Le 07/09/2023 à 16:50, Cedric Paillet a écrit :
> 
>> And I guess we should also check the healthchecks are enabled for the 
>> server. It is not really an issue because call to get_check_status_result() 
>> will exclude neutral and unknown satuses. But there is no reason to count 
>> these servers.
> 
> What we observed is that the health check of servers that have been put into 
> maintenance is no longer updated, and the status returned is the last known 
> one.
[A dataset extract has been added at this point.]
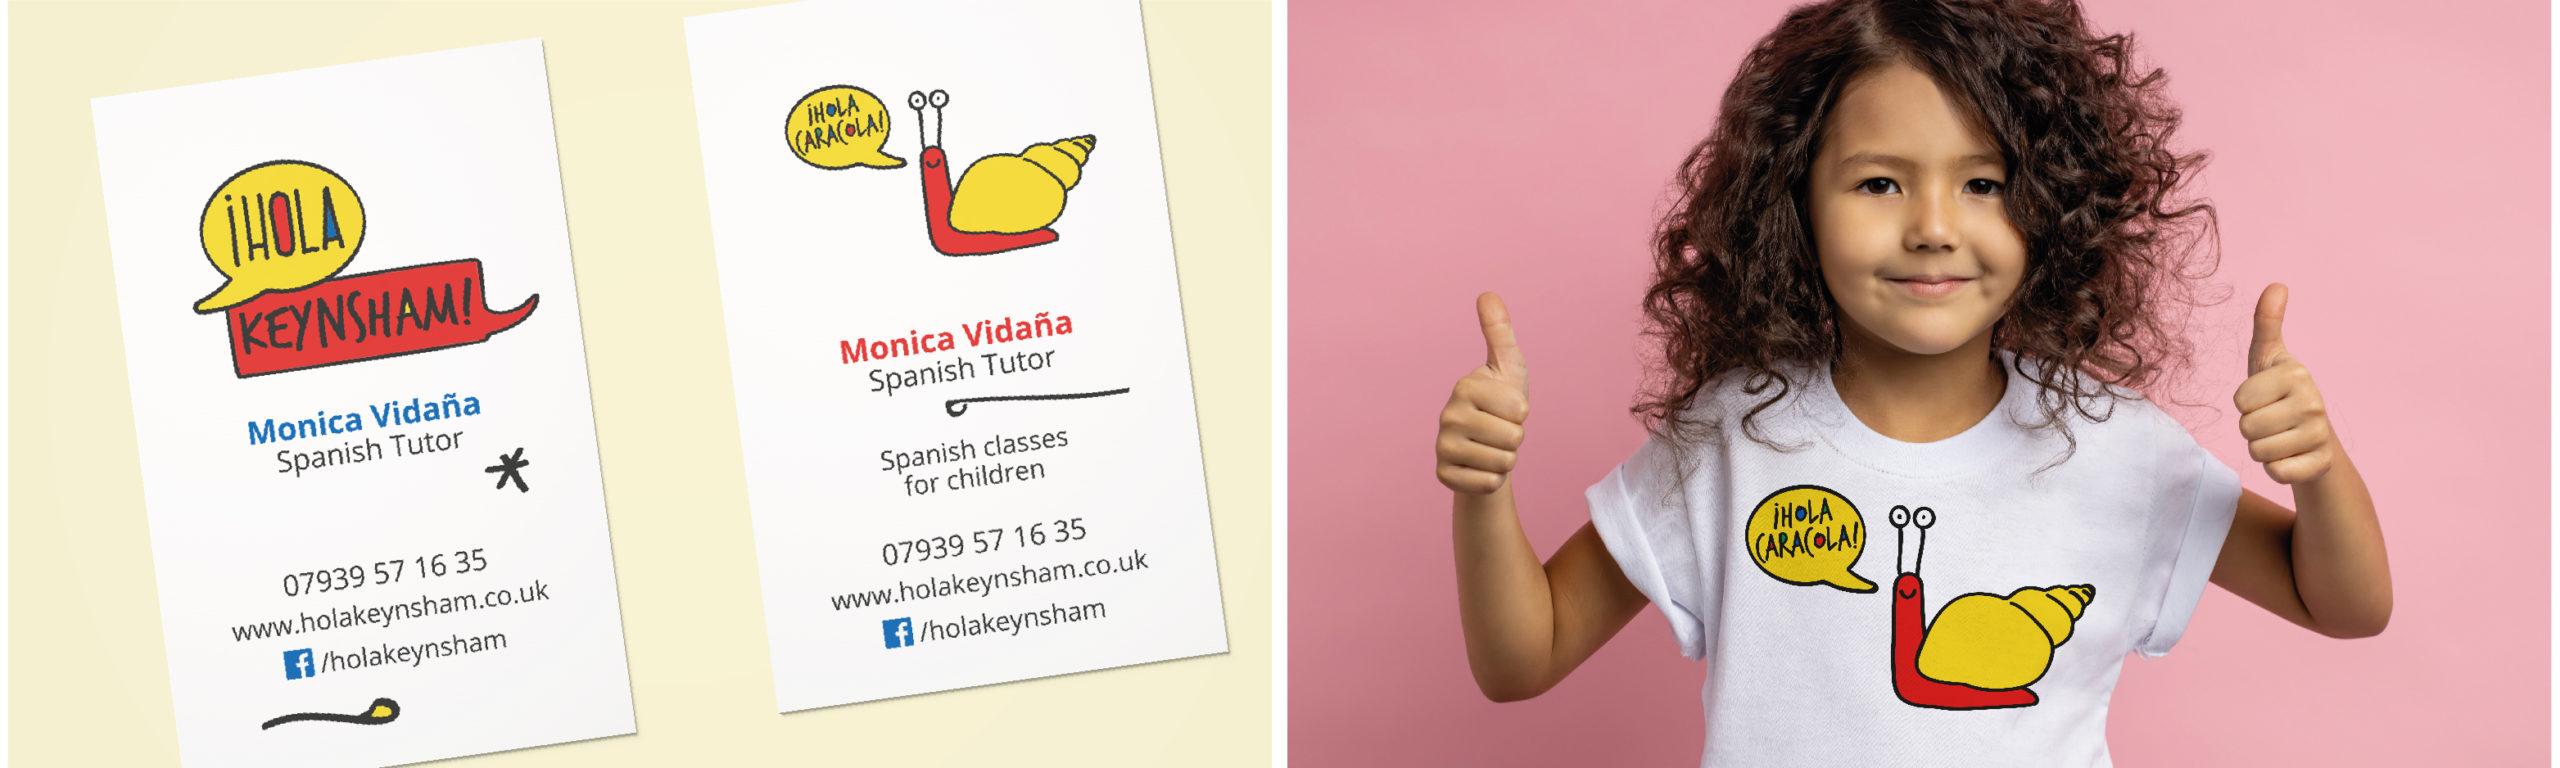 Hola Kaynsham, branding for a Spanish school
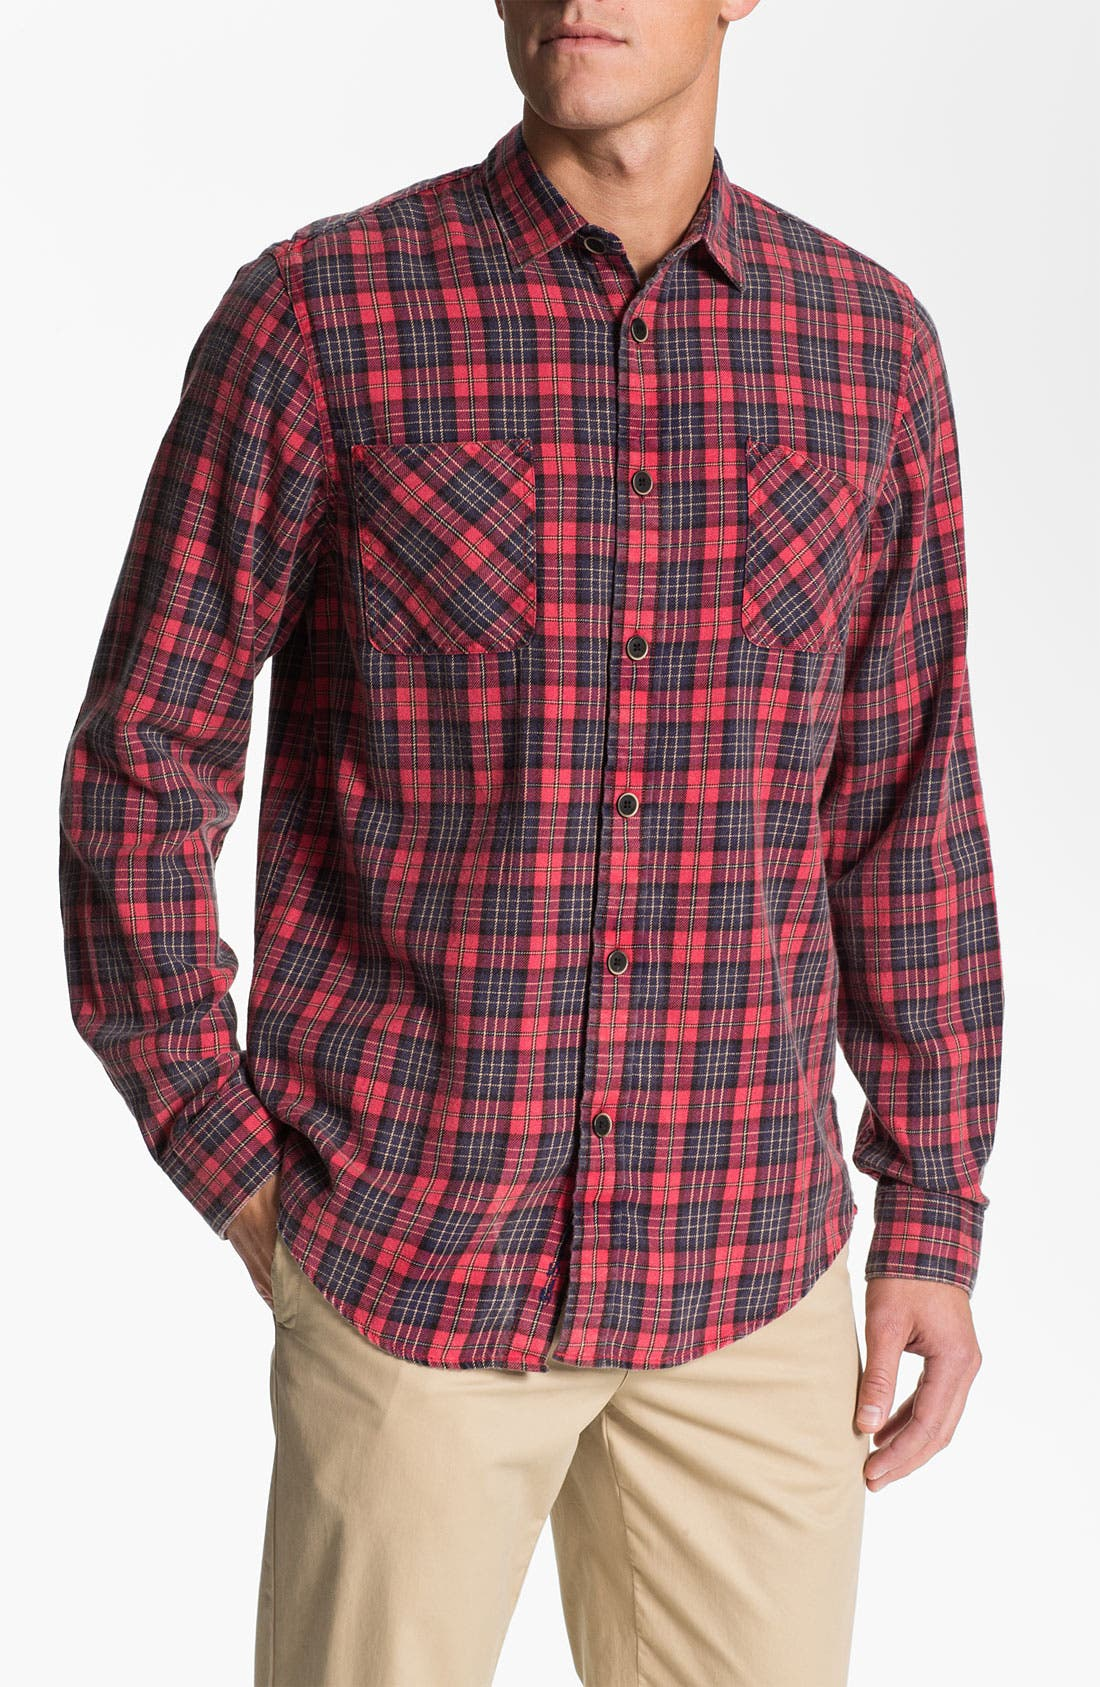 Alternate Image 1 Selected - Ben Sherman 'Shoreditch' Plaid Twill Shirt

I need to double-check, but I believe we even saw L7OK when putting a 
> "UP" server into maintenance. (What I'm sure of is that the majority of 
> servers in maintenance were in L7STS and not in UNK).
> 
> If we add the PROMEX_FL_NO_MAINT_SR (which makes sense), we will continue to 
> display an incorrect backend_agg_server_status (and also 
> haproxy_server_check_status) for servers in maintenance for those who don't 
> set (no-maint=empty), and we probably then need another patch so that the 
> status of these servers is HCHK_STATUS_UNKNOWN?"
> 

Health-checks for servers in maintenance are paused. So indeed, the last known 
status does not change anymore in this state. My purpose here was to also 
filter servers to only count those with health-checks enabled and running. When 
the server's metrics are dumped, the check status is already skipped for 
servers in maintenance. Thus it seems logical to not count them for the 
aggregated metric.

In fact, this way, all servers in maintenance are skipped without checking the 
server's admin state. But it is probably cleaner to keep both checks for 
consistency. Except if I missed something. This part is not really clear for me 
anymore...

--
Christopher Faulet